News: April 2017
Workshop at Council of Europe legal seminar on anti-doping hearing panels in Vilnius, Lithuania
Michael Pedersen facilitated a half-day workshop at a Council of Europe legal seminar on anti-doping hearing panels in Vilnius, Lithuania on 4 April 2017. The seminar focused on Council of Europe’s Recommendation on ensuring the independence of hearing panels and promoting fair trial in anti-doping cases. It brought together approx. 70 legal experts from across Europe.
The workshop in the context of the seminar offered participants innovative, fun and engaging ways of discussing and further developing a common understanding on aspects such as independence, trust and fairness. Among other activities, participants were asked to take perspectives of different stakeholder groups. They also went through a series of fairness games that offered opportunities for exploring how perceptions of fairness vary and how it feels to be treated unfairly.

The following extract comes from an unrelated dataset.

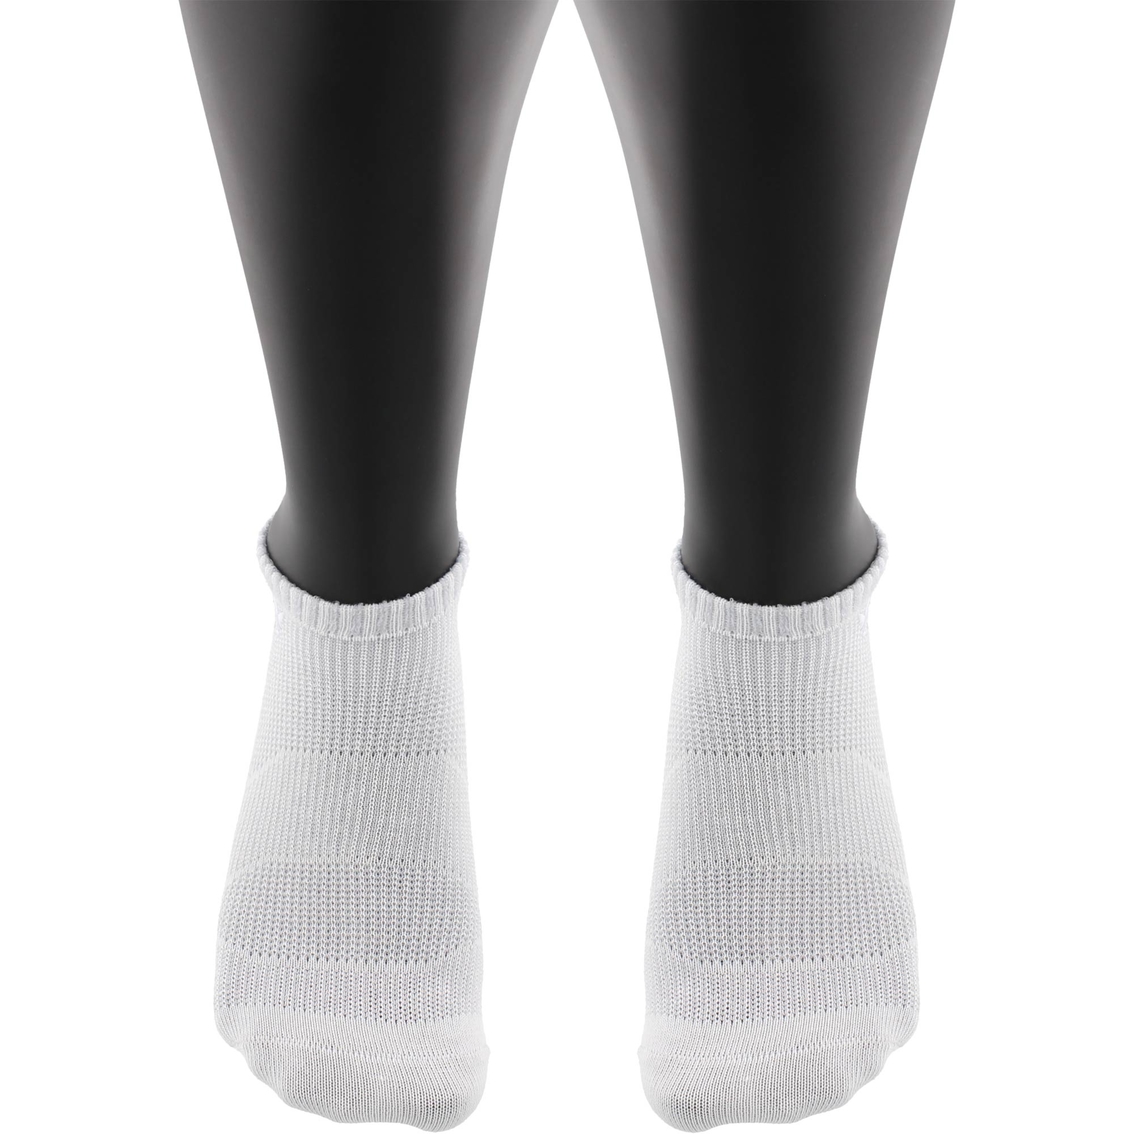 Adidas Men's Original Prime Mesh II No Show Socks 3 Pk. - Image 3 of 4
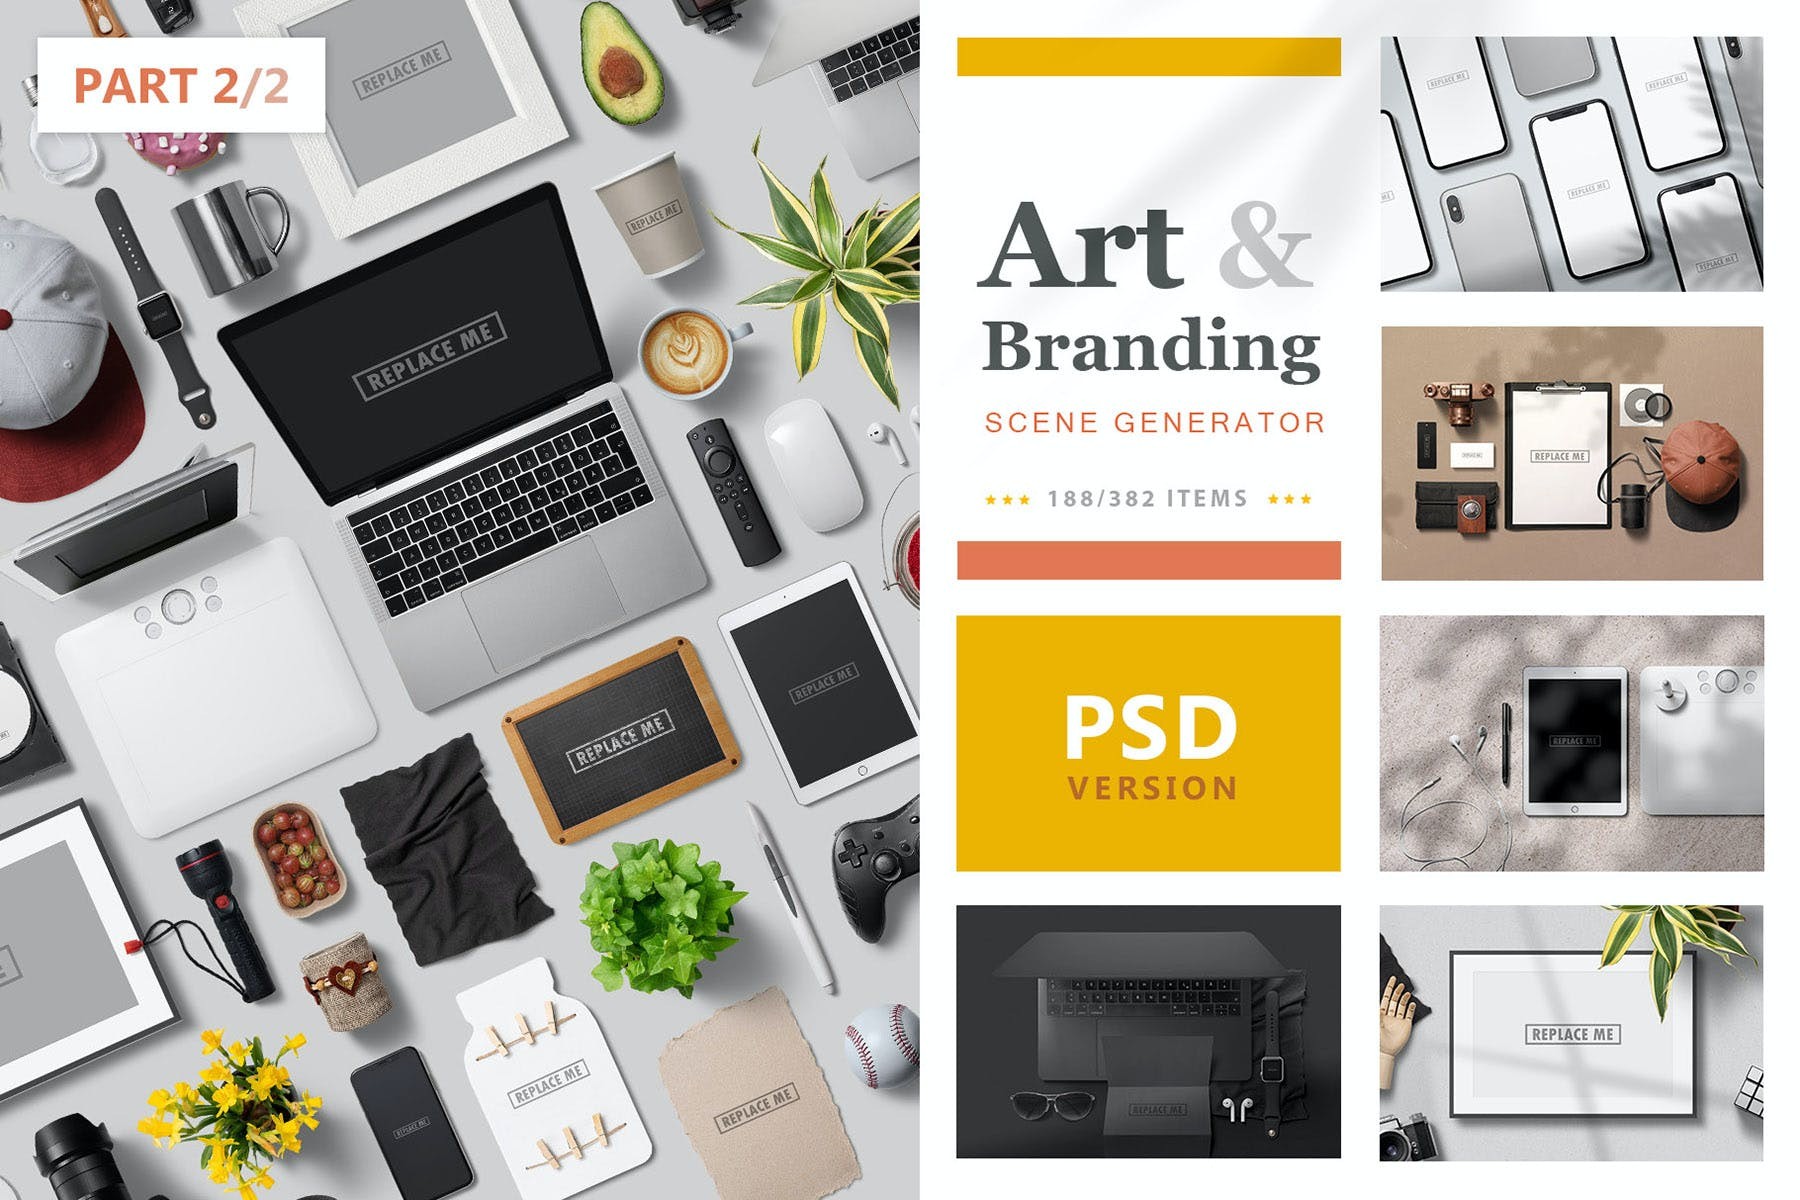 Art & Branding Scene Generator. Art of Branding. Envato elements. Https elements com

Speakers at the seminar were as follows:
- Graham Arthur, Chair of the Advisory Group on Legal Issues of the Anti-Doping Convention of the Council of Europe
- Mark Hovell, Partner, Mills & Reeve Law Firm; UK National Anti-Doping Panel member
- Elda Moreno, Head of Children’s Rights and Sport Values Department, Council of Europe
- Simeon Petrovski, Lawyer, European Court of Human Rights
- Daniel Rietiker, Lawyer, European Court of Human Rights
- Michał Rynkowski, Office Director, Polish Commission Against Doping in Sport
- Anders Solheim, Chair of the Monitoring Group of the Anti-Doping Convention of the Council of Europe
- Julien Sieveking, Director, Legal Affairs, World Anti-Doping Agency
Among other aspects, there was a general consensus at the end of the seminar that:
- An independent hearing panel is one that is independent from and not governed by national anti-doping organizations, sport organizations or sport federations. Independence of a hearing panel is not compromised by it being funded by government.
- Anti-doping hearing panel members should be appointed on the basis of relevant expertise. Panel members must be free from any undisclosed, actual or potential conflicts of interest. It is desirable to have a former sportsperson be a part of a panel.
- Anti-doping hearing panels must adopt stringent anti-corruption standards.
- An international standard on the independence of hearing panels should be developed. The role of the Court of Arbitration for Sport should be reviewed. The Council of Europe Anti-Doping Convention should be revised to reflect the importance of hearing panel independence.